What restrictions might there be?
 

Sergey_New

Well-Known Member
Licensed User
Longtime User
Any format?
No, the file has a strict format. Look at the file text. Each line contains two or three groups of characters.
These strings need to be converted into a special database.
 
Upvote 0

emexes

Expert
Licensed User
Needed in B4A

If the "read whole file at once" approach is too much for Android, then perhaps try reading it using .ReadLine and estimating the progress based on the file size and the cumulative length of strings read up to now (including 2 byte line terminators).
 
Last edited:
Upvote 0

akshita8

New Member
I need to read a text file.
For the progressbar to work, I need to know the number of lines scount.
B4X:
Try
Dim rd As TextReader:
rd.Initialize(File.OpenInput(Starter.myFolder, FileName))
scount=Regex.Split(CRLF,rd.ReadAll).Length
rd.Close
Catch
Log(LastException)
End Try
If the number of lines is less than 90,000, then everything works, but if, for example, there are 1,500,000 lines, the application crashes on line #4.

What restrictions might there be?

B4X:
Dim rd As TextReader
Try
    rd.Initialize(File.OpenInput(Starter.myFolder, FileName))
    Do While True
        Dim line As String = rd.ReadLine
        If line = Null Then Exit
        ' Process the line or update progress here
    Loop
    rd.Close
Catch
    Log(LastException)
End Try
 
Upvote 0

Sergey_New

Well-Known Member
Licensed User
Longtime User
reading it using .ReadLine
I've already tried disabling the progress bar.

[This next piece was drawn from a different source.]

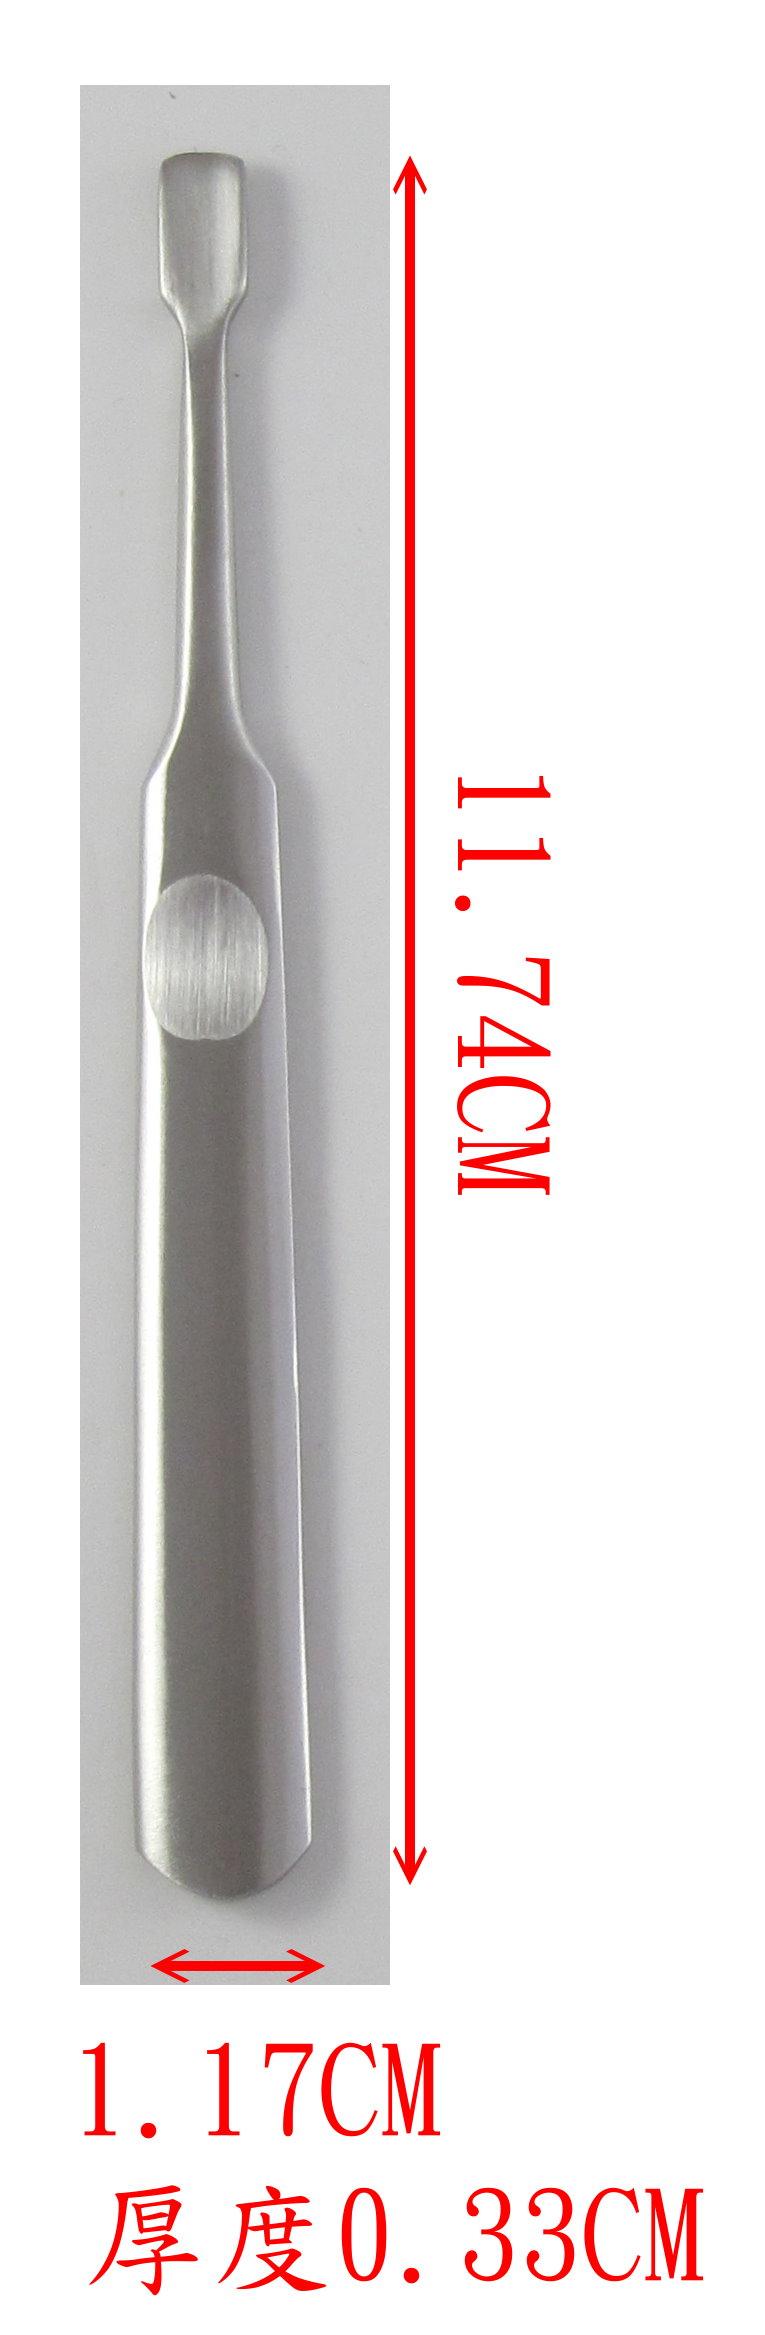 K2589.jpg

I wrote above that you can determine the number of lines. But reading the file is not completed by either ReadLine or ReadList
 
Upvote 0

RB Smissaert

Well-Known Member
Licensed User
Longtime User
The file is large, you can download it from the Link.
The number of lines in this file is determined without problems:
B4X:
    Dim lst As List
    lst.Initialize
    lst=File.ReadList(Starter.myFolder, FileName)
    Log(lst.Size)
And reading lines and entering them, for example, into a List, causes memory overflow.
I have downloaded the file got the number of lines fine and fast.
Made a small alteration to my posted code to make it produce the same number of lines as the code with TextReader as posted by Daestrum:

B4X:
'btEndOfLineByte will usually be 10
Sub GetTextFileLineCount(strFolder As String, strFile As String, btEndOfLineByte As Byte) As Int

    Dim i As Int
    Dim iBytes As Int
    Dim lPosition As Long
    Dim iLines As Int
    
    RAF.Initialize(strFolder, strFile, True)
    
    iBytes = 100000 'could make smaller or larger

    Do While lPosition < RAF.Size
        
        Dim arrBytes(iBytes) As Byte
        iBytes = RAF.ReadBytes(arrBytes, 0, iBytes, lPosition)
        
        For i = 0 To iBytes - 1
            If arrBytes(i) = btEndOfLineByte Then
                iLines = iLines + 1
            End If
        Next
        
        lPosition = lPosition + iBytes
    
    Loop
    
    'Log("Byte " & iBytes & ": " & arrBytes(iBytes - 1))
    
    RAF.Close
    
    If arrBytes(iBytes - 1) = btEndOfLineByte Then
        Return iLines
    Else
        Return iLines + 1
    End If
    
End Sub

This takes about 120 milli-secs on a Samsung S23 and gives me 1826551 lines.
Using the code with TextReader it takes about 300 milli-secs and gives the same number of lines.
No memory problems noted with either method.
So, all in all I can see no problem getting the line count and use that for your progress monitor.

RBS
 
Upvote 0

drgottjr

Expert
Licensed User
Longtime User
If the number of lines in the file is 1826562, your code gives the value results(1)=6852389.
Why is that?
sorry, the output from wc is lines, words and bytes. so:
MsgboxAsync( results(0) & " lines, " & results(1) & " words, " & results(2) & " bytes", "FYI:")
 
Upvote 0

drgottjr

Expert
Licensed User
Longtime User
technically, you can't. the system tells you when you've exceeded available memory. it is possible to query available memory and to compare that to the size of the file and decide what to do. but you still might crash. you can only use try/catch, and even then, i'm not sure it can be caught. it's an error, not an exception. give it a try. go back to your old "readAll" to provoke a crash. but wrap it in a try/catch, like i did. if you end up in the catch portion, then it works, and you have a graceful way out. since wc gives you the file size in advance, that can help. anyting > 2gb is likely to crash. but available memory varies depending on garbage collection and other factors. i suggested wc because it may handle things differently than java's runtime environment. on systems not running in some "environment", the situation would be different. my guess was that wc is running outside of java's virtual machine. i didn't use a giant file to test. you've got one, so test it.
 
Upvote 0

emexes

Expert
Licensed User
But how can you determine if the file size exceeds the device's capabilities?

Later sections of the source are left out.